Kyushu Research Center, Forestry and Forest Products Research Institute (FFPRI), Kumamoto-city, Kumamoto, Japan.
Department of Forest Soils, FFPRI, Tsukuba, Ibaraki, Japan.
PLoS One. 2021 Feb 17;16(2):e0247165. doi: 10.1371/journal.pone.0247165. eCollection 2021.
Spatiotemporal prediction of the response of planted forests to a changing climate is increasingly important for the sustainable management of forest ecosystems. In this study, we present a methodology for estimating spatially varying productivity in a planted forest and changes in productivity with a changing climate in Japan, with a focus on Japanese cedar (Cryptomeria japonica D. Don) as a representative tree species of this region. The process-based model Biome-BGC was parameterized using a plant trait database for Japanese cedar and a Bayesian optimization scheme. To compare productivity under historical (1996-2000) and future (2096-2100) climatic conditions, the climate scenarios of two representative concentration pathways (i.e., RCP2.6 and RCP8.5) were used in five global climate models (GCMs) with approximately 1-km resolution.

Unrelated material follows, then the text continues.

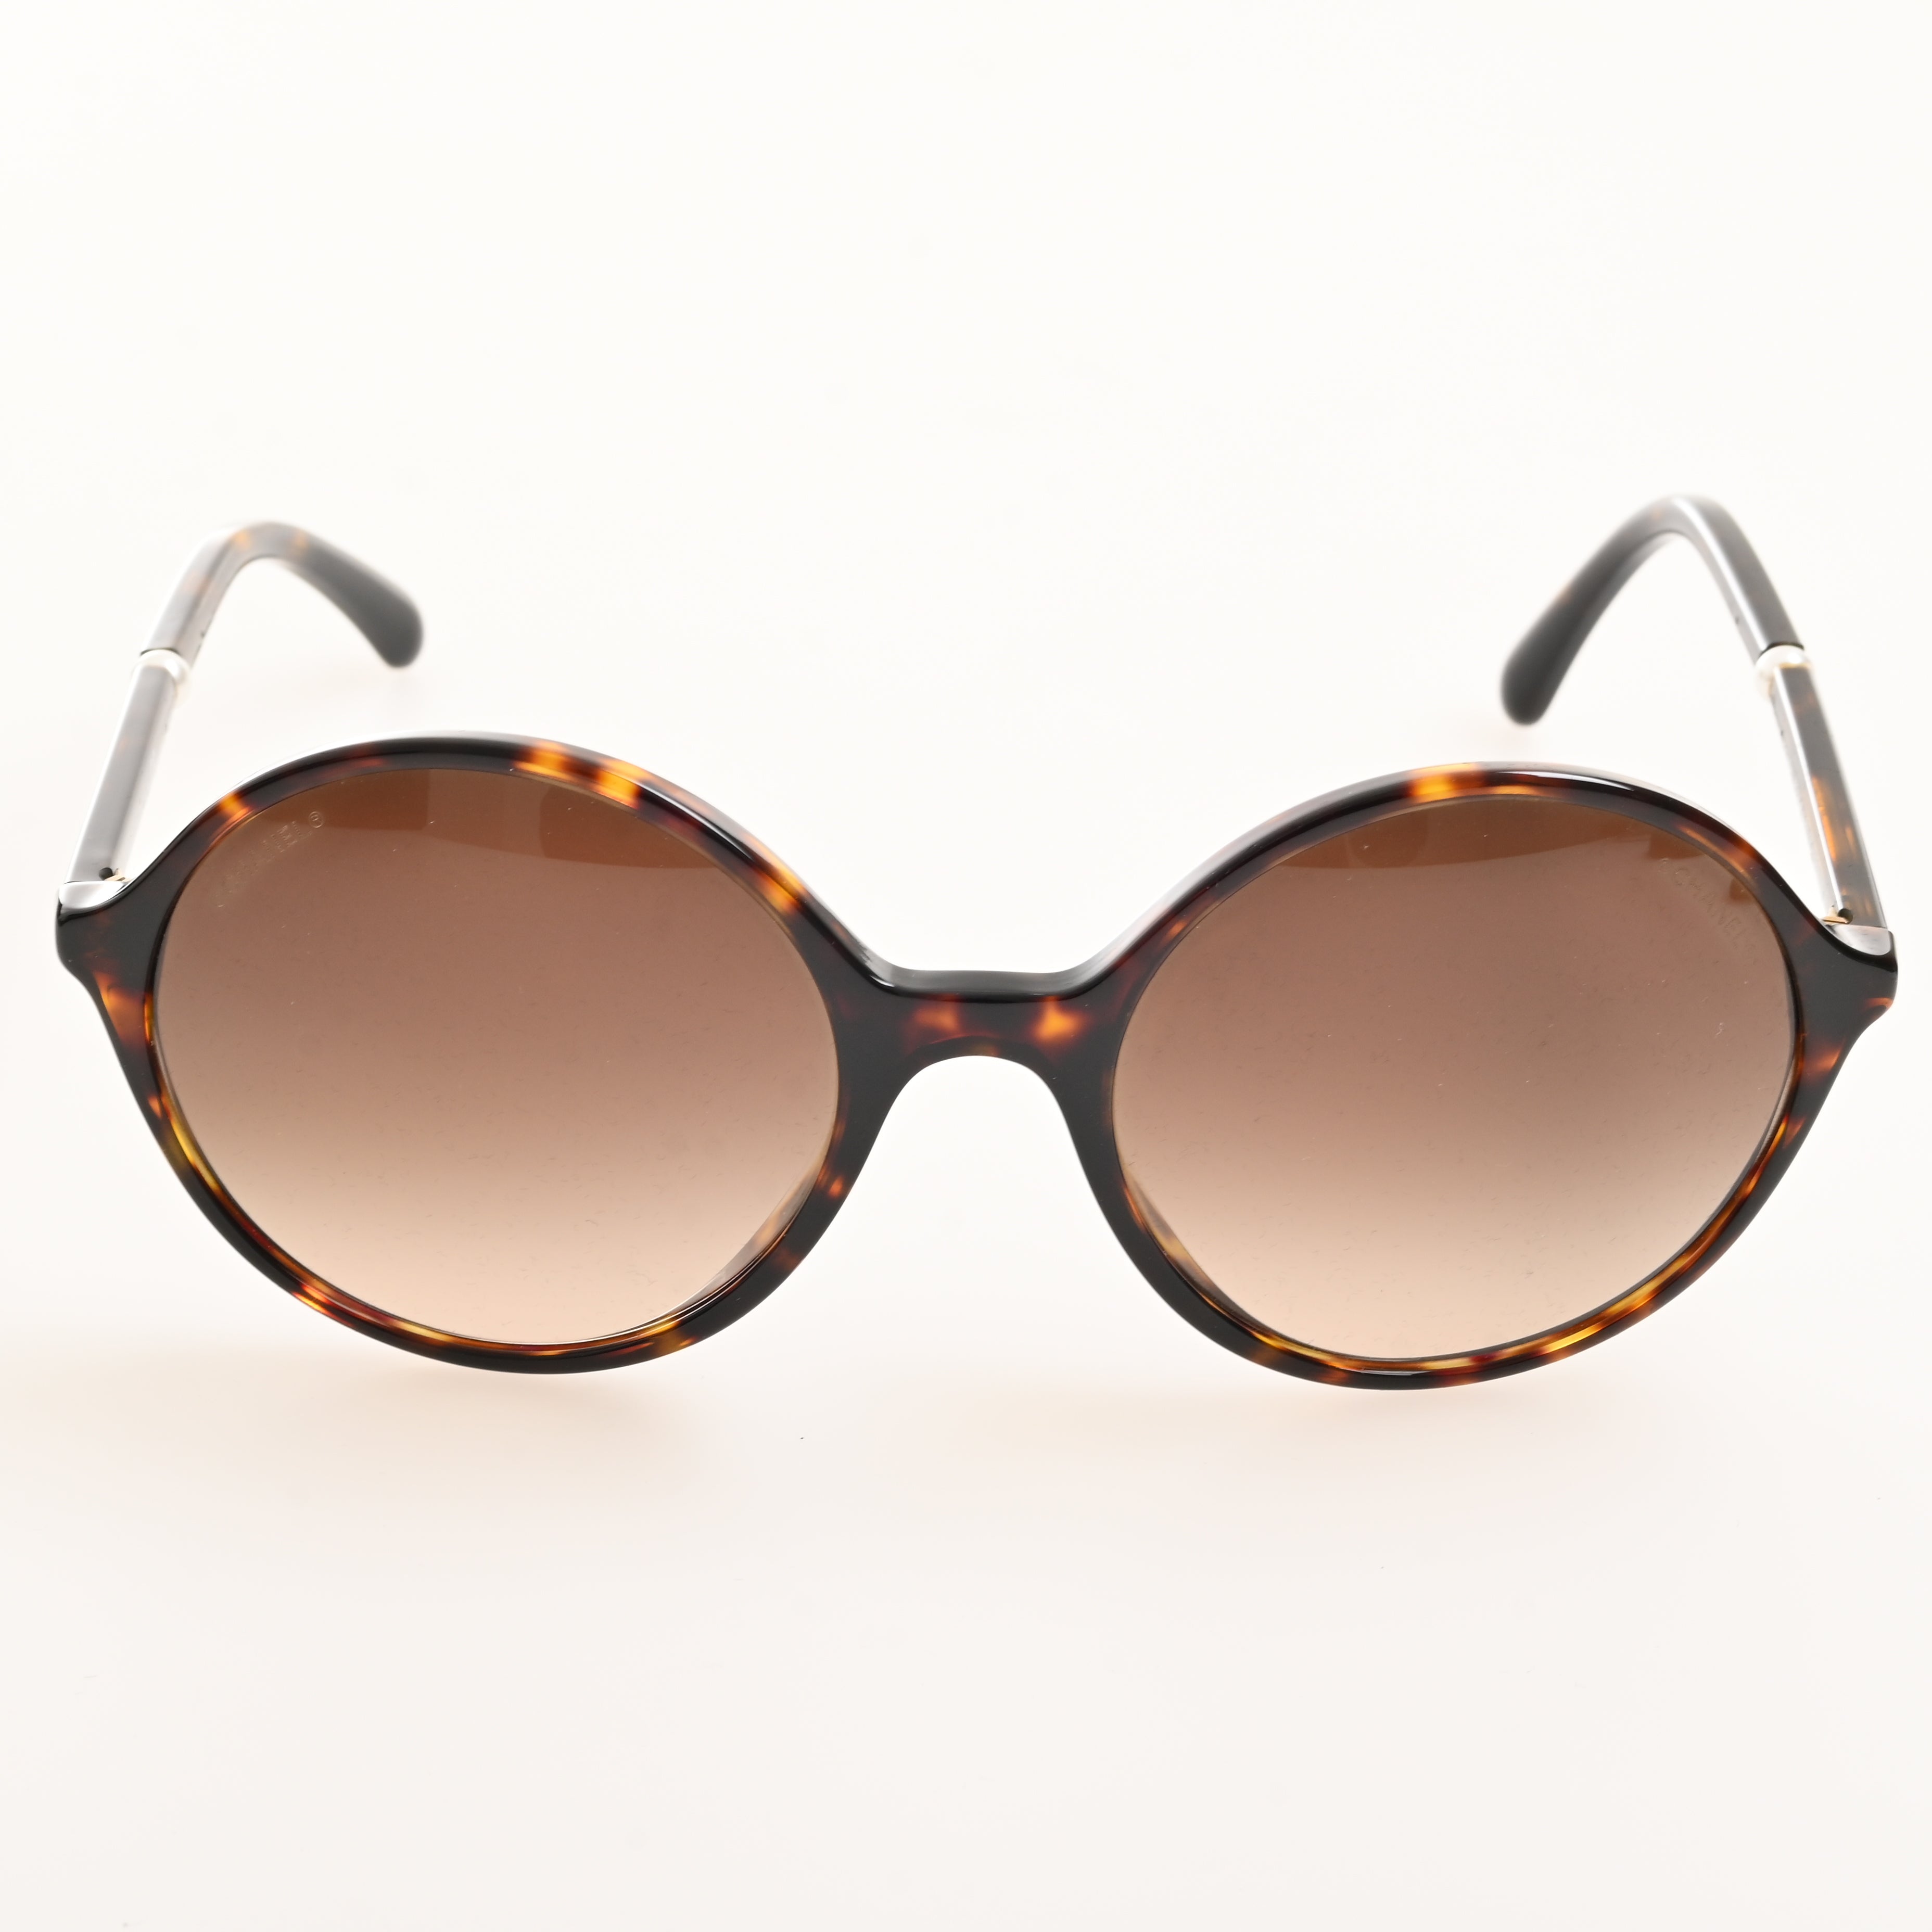 Chanel sunglasses round frame tortoiseshell 5391-HA box/case – co&co

The seasonality of modeled fluxes, namely gross primary production, ecosystem respiration, net ecosystem exchange, and soil respiration, improved after two steps of parameterization. The estimated net primary production (NPP) of stands aged 36-40 years under the historical climatic conditions of the five GCMs was 0.77 ± 0.10 kgC m-2 year-1 (mean ± standard deviation), in accordance with the geographical distribution of forest NPP estimated in previous studies. Under the RCP2.6 and RCP8.5 scenarios, the mean NPP of the five GCMs increased by 0.04 ± 0.07 and 0.14 ± 0.11 kgC m-2 year-1, respectively. The increases in annual NPP were small in the southwestern region because of the decreases in summer NPP and the small increases in winter NPP under the RCP2.6 and RCP8.5 scenarios, respectively. Under the RCP2.6 scenario, Japanese cedar was at risk in the southwestern region, in accordance with previous studies, and monitoring and silvicultural practices should be modified accordingly.
时空预测人工林对气候变化的响应对于森林生态系统的可持续管理变得越来越重要。在本研究中,我们提出了一种方法来估计日本人工林的空间变化生产力以及随着气候变化的生产力变化,重点关注日本雪松(Cryptomeria japonica D. Don)作为该地区的代表性树种。基于过程的 Biome-BGC 模型使用日本雪松的植物性状数据库和贝叶斯优化方案进行了参数化。为了比较历史时期(1996-2000 年)和未来时期(2096-2100 年)的生产力,我们使用了两种代表性浓度途径(即 RCP2.6 和 RCP8.5)的气候情景,以及五个分辨率约为 1 公里的全球气候模型(GCM)。经过两步参数化后,模型化通量的季节性(即总初级生产力、生态系统呼吸、净生态系统交换和土壤呼吸)得到了改善。在五个 GCM 的历史气候条件下,36-40 岁林分的估计总初级生产力(NPP)为 0.77 ± 0.10 kgC m-2 year-1(平均值 ± 标准差),与先前研究中估计的森林 NPP 的地理分布一致。在 RCP2.6 和 RCP8.5 情景下,五个 GCM 的平均 NPP 分别增加了 0.04 ± 0.07 和 0.14 ± 0.11 kgC m-2 year-1。由于 RCP2.6 和 RCP8.5 情景下夏季 NPP 的减少和冬季 NPP 的小幅增加,西南部地区的年 NPP 增加幅度较小。在 RCP2.6 情景下,根据先前的研究,日本雪松在西南部地区面临风险,因此应相应地修改监测和造林实践。